Facebook does not claim to read WhatsApp messages, but a new study shows the opposite
Facebook Acess To Whatsapp Msgs


Facebook-owned WhatsApp, used by billions of people around the world, is not as private as the company expresses, writes Business Insider.

The messaging service praises privacy, and Facebook says the company cannot read messages sent between users. But still, the SoMe giant reportedly pays a team of employees around the world to read WhatsApp messages through and moderate the content in them - read and moderate users' private messages, mind you.

As a new ProPublica survey highlights, Facebook employs more than 1,000 contract employees in, respectively. Austin, Texas, Dublin, and Singapore, where they sit and examine users' content.

These employees reportedly spend their working days sorting into content reported by WhatsApp users or the service's own algorithms.

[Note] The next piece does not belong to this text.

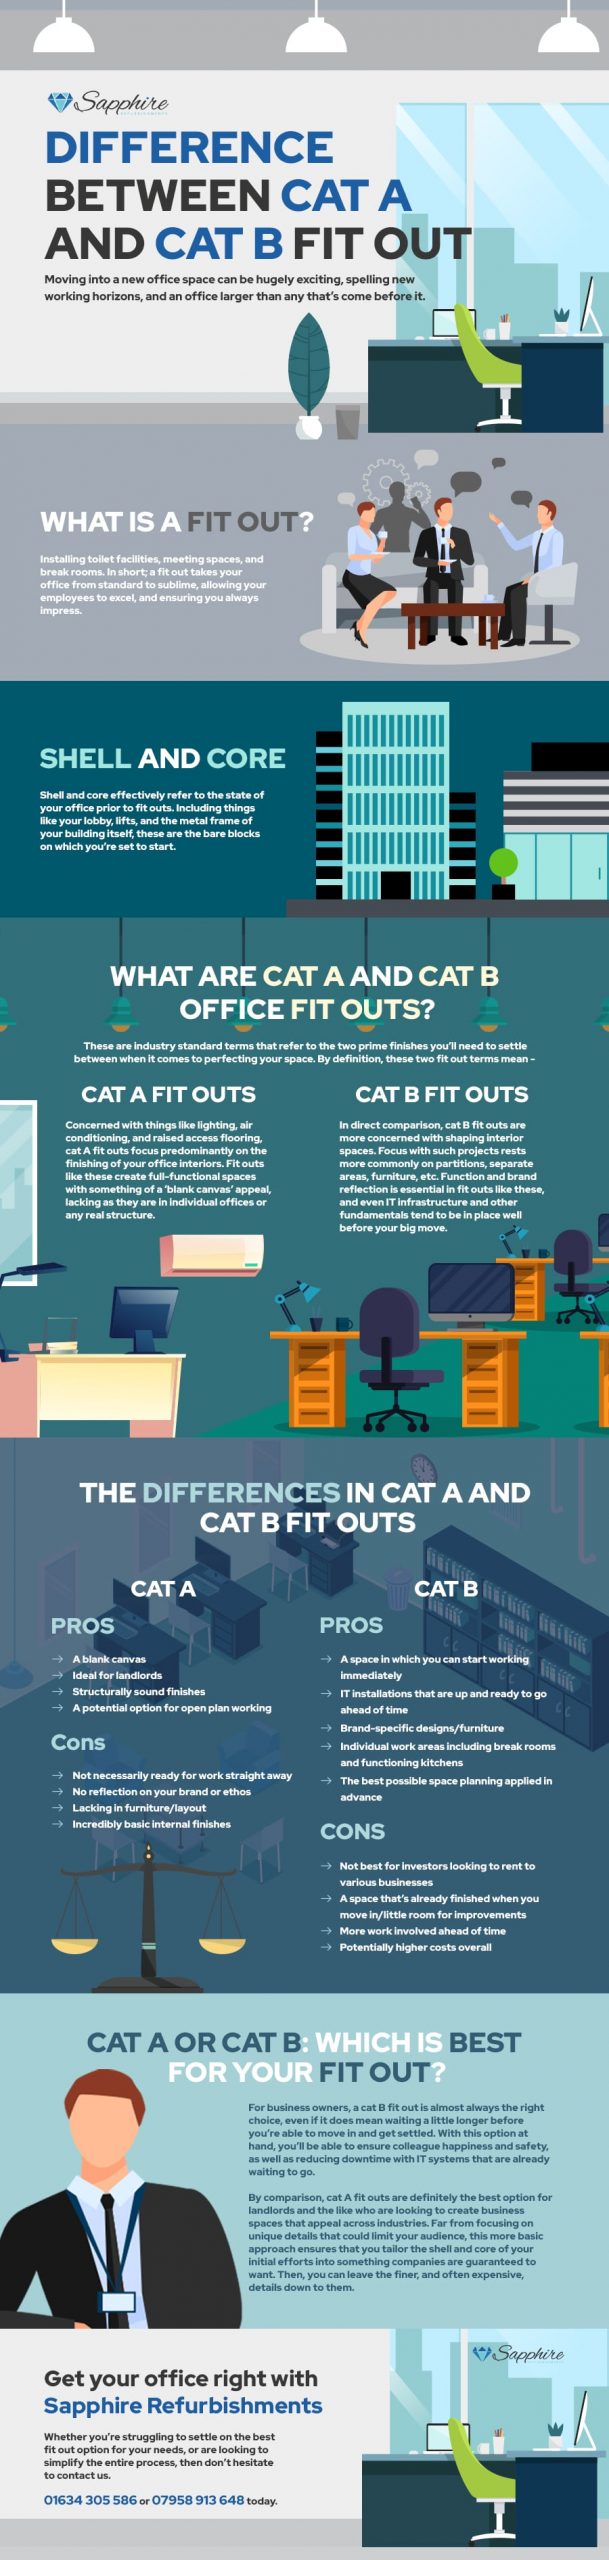 Difference Between Cat A and Cat B Fit out

A Facebook representative tells Insider that users have the ability to report abuse and that contract staff subsequently reviewed these reports. When a user marks something as abuse, it forwards the content of the reported user to the WhatsApp moderators, according to the service's FAQ.

WhatsApp is based on so-called "end-to-end" encryption, which means that messages are encrypted before they are sent and decrypted only when they are received by the intended user. However, when a user reports abuse, unencrypted versions of the reported content are sent to the service's moderators, writes ProPublica, which in that case does not match the service's branding.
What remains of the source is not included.